People who work in manual labor have higher rates of injury and overdose
Our country’s ongoing opioid crisis has many faces, from teenagers on Cape Cod to middle-aged parents in West Virginia. A recent report from the Massachusetts Department of Public Health provides another demographic affected by opioids: people who work in the trade industries, namely construction. The report broke down overdose deaths by industry, and construction workers were involved in almost a quarter of overdose deaths recorded in the state over five years. Farming, forestry, and hunting, along with fishing, are the next most dangerous industries. And there are relatively high overdose death rates for women working within health care support and food services.
This research supports what we have seen in our own work treating patients for substance use disorders who work in manual labor jobs. On-the-job hazards and related injuries are common, and pain medications of all kinds tend to be readily available as workers informally share and sell them on worksites.
The need for recovery-friendly workplaces
A recent National Safety Council report found that 70% of surveyed employers have been impacted by prescription drug misuse, but fewer than 20% feel extremely prepared to deal with it. The financial cost to employers in lost productivity is significant: in Massachusetts alone, opioid addiction cost businesses $2.5 billion annually from employees who aren’t functioning at full capacity, and $5.9 billion in lost productivity from people who can’t join the workforce due to addiction. Opioid use disorder has kept nearly 33,000 people in Massachusetts from participating in the labor force each year, on average, over the past five years.
But what could a recovery-friendly workplace look like? Drawing inspiration from models like Supported Employment, an evidence-based intervention for individuals with serious mental illness, and recovery high schools, we describe five key features of a recovery-friendly workplace:
Available counseling for scheduled and on-demand recovery support. Manual labor workers with varying schedules often have trouble making appointments in traditional healthcare settings, which tend to be offered only during normal business hours. Missed work equals lost income, which is harmful to workers and employers alike. An onsite counselor for large worksites or availability of remote telehealth counseling on-demand during work breaks could encourage participation in these programs.
Peer support groups built into the daily schedule. Like individual appointments, therapy groups often occur during the business day. Open and safe discussions with crewmates who are also in recovery can help build a culture of mutual support. Onsite peer support by recovery coaches in the industry might be particularly impactful.
A supervisor who understands the challenges and needs of people in recovery. Slip-ups are part of the recovery process, and a positive drug test should signal the need for more counseling support and closer monitoring, not automatic termination of employment.
Support for medication-assisted treatment. We’ve heard anecdotally about certain union health insurance plans that deny coverage of buprenorphine (Suboxone), a medication for opioid use disorder that calms cravings and halves the risk of overdose death. This kind of discrimination is a federal crime, and for good reason — imagine employer-based health insurance refusing to pay for insulin for workers who have diabetes. Unfortunately, stigma and fear of retribution may keep union workers from speaking out to claim their rights.
Onsite drug testing (where appropriate) and telepsychiatry. Regular drug testing could help make construction sites safer and indicate when people need more support.

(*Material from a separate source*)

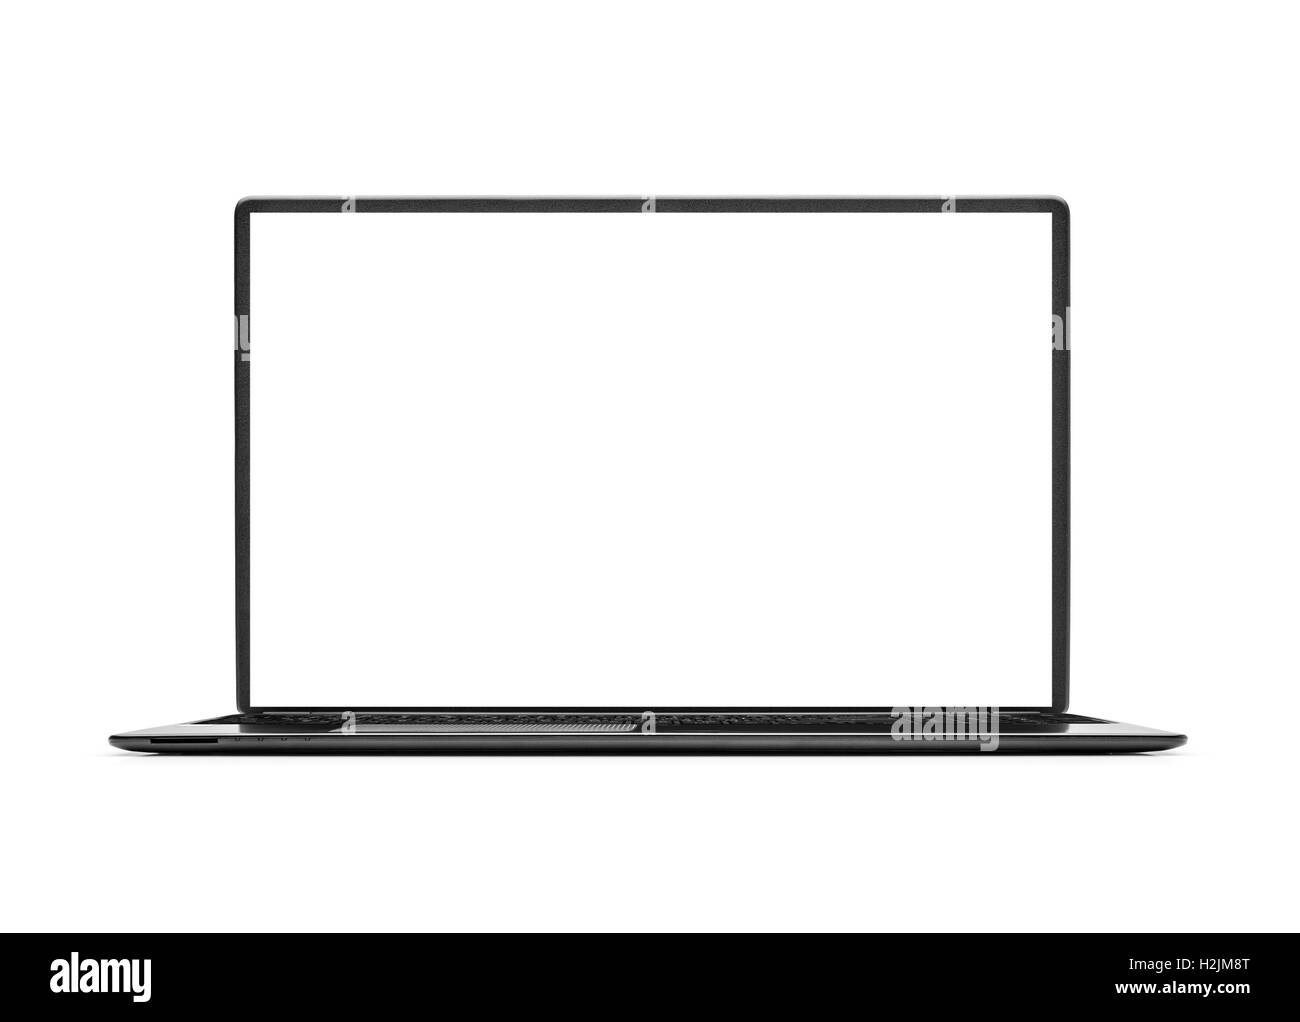 Laptop isolated on white background with clipping path. Stock Photo

Crews often share transportation to and from worksites, making it hard for an individual to leave in the middle of the day for a medication appointment or to provide required toxicology testing for their program. Telepsychiatry visits in a secure room on a worksite could allow people to get assessed more regularly and prevent missed doses of recovery medications like buprenorphine.

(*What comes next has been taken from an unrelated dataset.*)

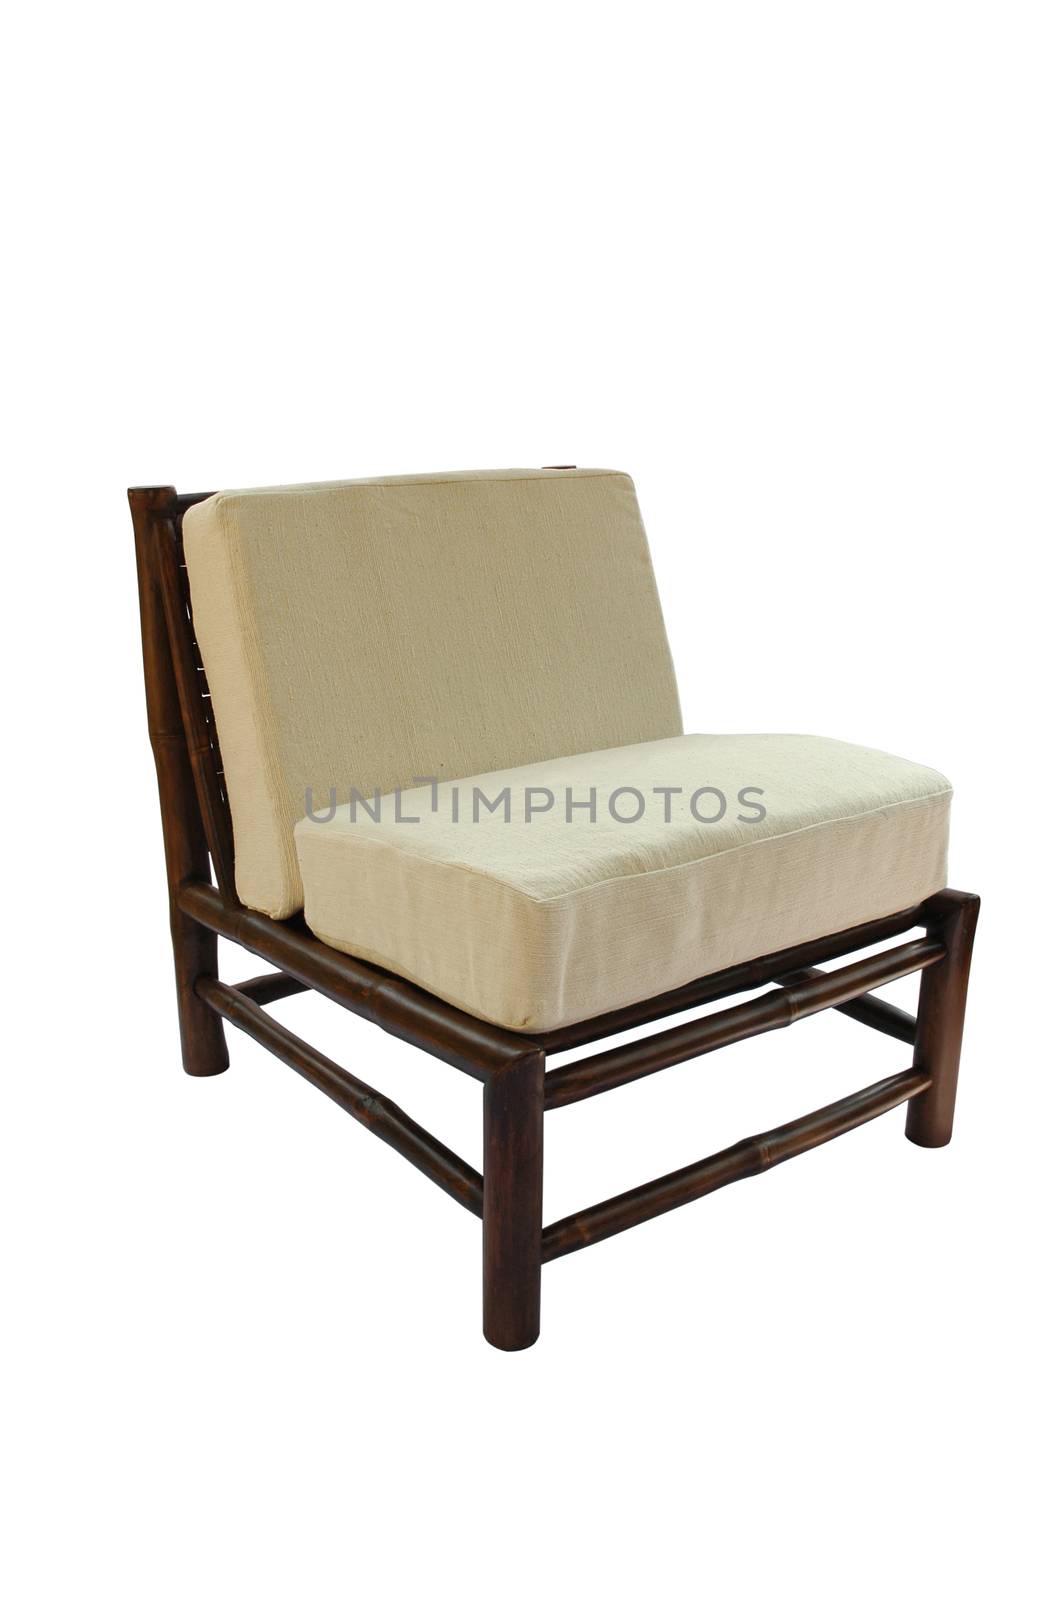 Bamboo chair with pillow  isolated by NuwatPhoto

Recovery-friendly workplaces may lower healthcare costs
Employers in all kinds of industries should consider how establishing recovery-friendly workplaces may help them access an underutilized workforce while addressing a vital social need. People in recovery from opioid use disorder commonly describe their core recovery goals as needing to keep busy, to achieve financial self-sufficiency, and to recapture the dignity of being a working member of society. Our clinical work can go only so far in supporting our patients’ recovery, but with the right kinds of partnership across sectors, we can make great strides together.
Given the high prevalence of substance use disorders in certain sectors, investing in supported employment with recovery support and medication-assisted treatment might reduce costs associated with missed work as well as employee hiring and retraining, improving overall work quality while also lowering overall healthcare costs. Finally, substance use is rampant on construction and manual labor worksites, so investing in recovery support and treatment might improve the relationship of workers with management and unions and reduce risk for accidental injuries in the future.